3. The cable recycling and stripping assembly according to claim 2, characterized in that: The second semi-guide wheel (6) is centrally and symmetrically fixedly connected to two slide rods (73) on the side away from the square rod (31). The other end of the slide rod (73) slides through the turntable (71) and is threaded with a nut (74).

4. The cable recycling and stripping assembly according to claim 3, characterized in that: A spring (75) is provided between the nut (74) and the turntable (71) and is slidably sleeved on the slide rod (73). The spring (75) pushes the nut (74) away from the turntable (71).

5. The cable recycling and stripping assembly according to claim 2, characterized in that: A push rod (76) is coaxially threaded onto the turntable (71), and one end of the push rod (76) contacts the side of the second semi-guide wheel (6) away from the square rod (31).
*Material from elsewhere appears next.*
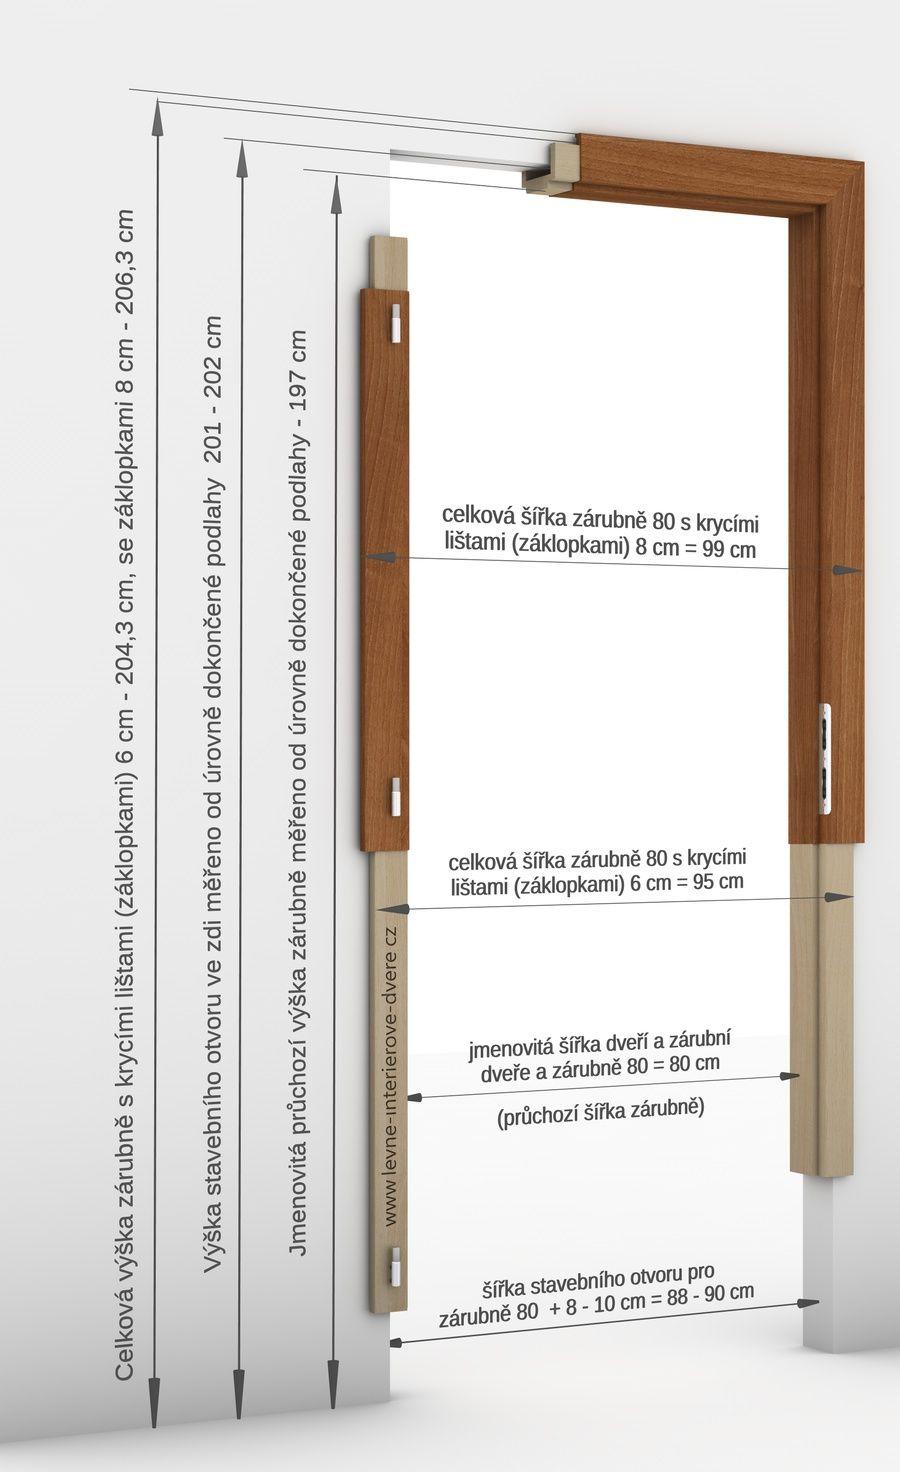 Rozměry stacebního otvoru pro obložkovou zárubeň

6. The cable recycling and stripping assembly according to claim 1, characterized in that: A circular channel is formed between the two cutting guide wheels, the inner diameter of which is adapted to the outer diameter of the cable, and the outer circumference of the annular blade (5) extends into the interior of the circular channel.

7. The cable recycling and stripping assembly according to claim 1, characterized in that: A servo motor (8) is fixedly installed on the side of the base plate (1) away from the rotating shaft (3). The output shaft of the servo motor (8) is coaxially and fixedly connected to one of the rotating shafts (3) through a coupling.